5/11/2011

日台交流:活発化 議員が支援に御礼訪台続々

 

 【台北・大谷麻由美】東日本大震災の被災者に巨額の義援金を提供している台湾との交流が活発化している。日本側からは8日までのゴールデンウイーク期間中、多数の国会議員が謝礼のため訪台。台湾側は日本の観光事業を支援するため、北海道への特別観光ツアーを組むなど安全性のアピールに協力している。

 4日、衛藤征士郎・衆院副議長は台湾を訪れ、馬英九総統らに謝意を伝えた。日台が72年に断交して以来、衆参両院の正副議長いずれかが訪台するのは初めて。6日には自民党の小池百合子総務会長も訪れた。8日には、日本統治時代に台湾の水利事業に貢献した八田与一技師をたたえる記念公園のオープン式典に、森喜朗元首相や超党派の日華議員懇談会の国会議員25人が出席した。

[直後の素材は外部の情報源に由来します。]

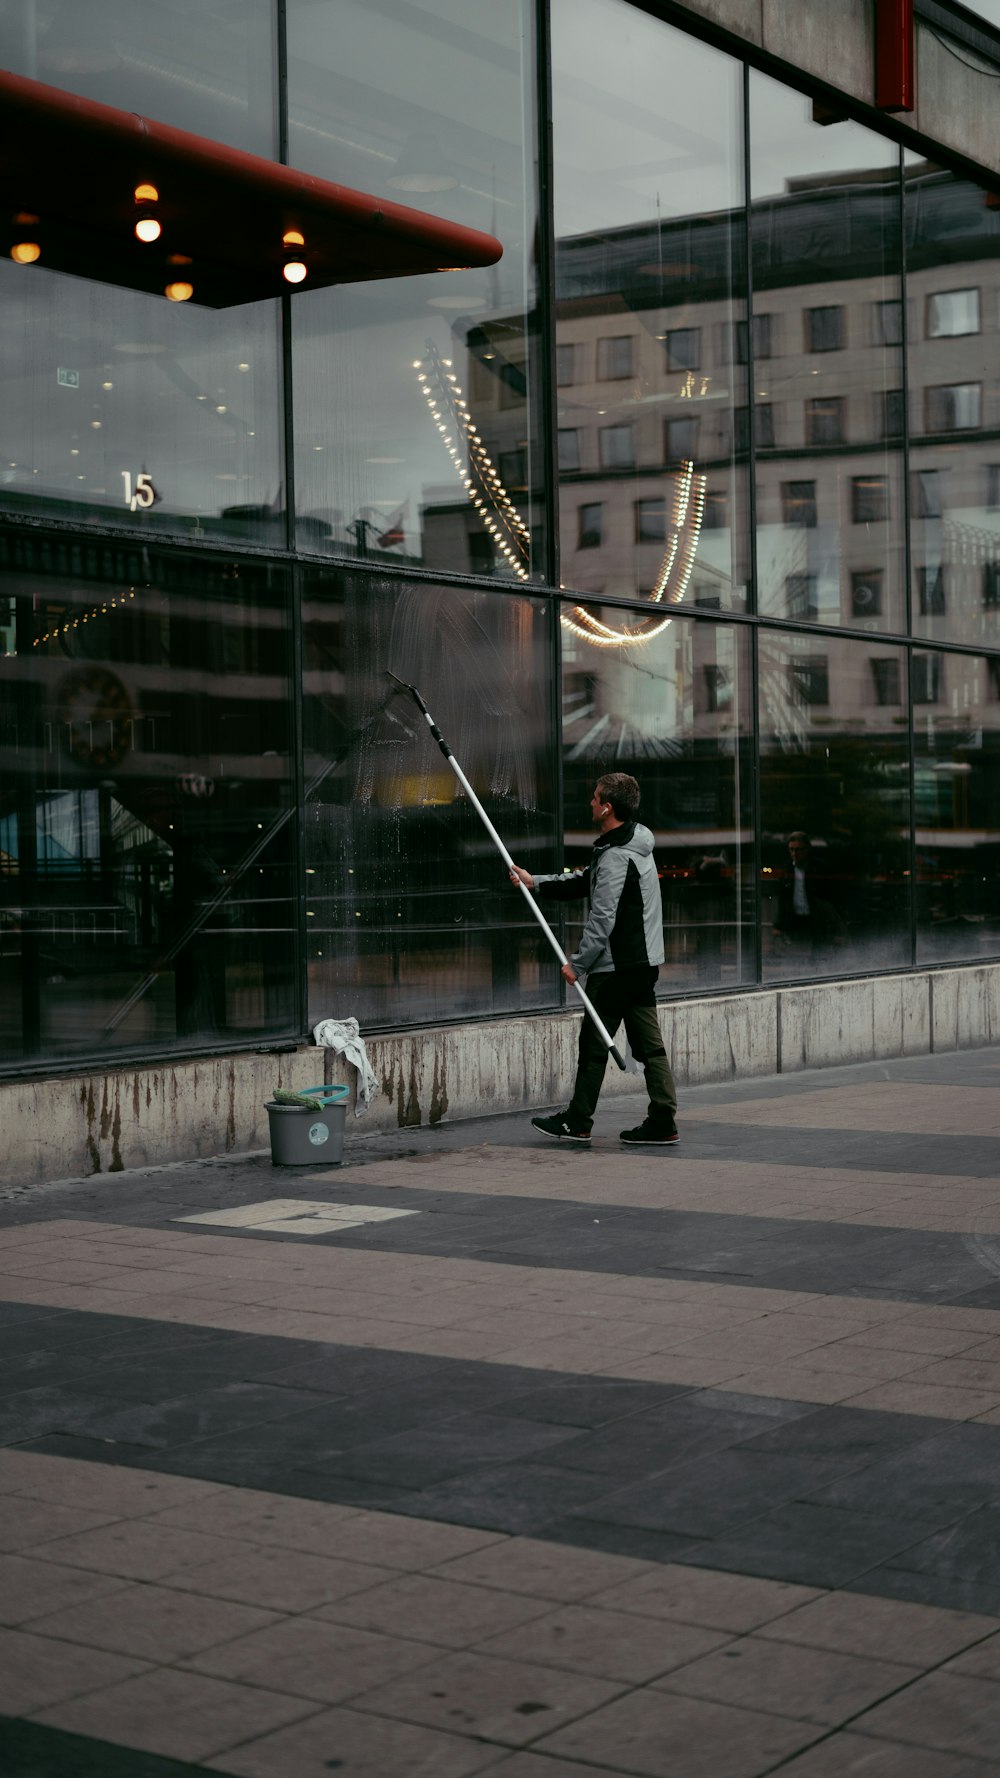 a person holding a large metal pole in front of a building

 台湾側からは、王金平立法院長(国会議長)が先月20日に慰問のため訪日した。また、王院長は大震災で落ち込んだ日本の観光業を盛り上げようと、今月12日、台湾の旅行業者ら約300人を率いて北海道を訪ね、安全性をアピールする予定だ。

 昨年1年間に台湾から日本を訪問した人は韓国、中国に次いで多く、127万人だった。しかし、今年3月は前年同期比53%減の4万2100人に落ち込んでいた。

 台湾からの義援金は8日までに58億台湾ドル(163億円相当)に上る。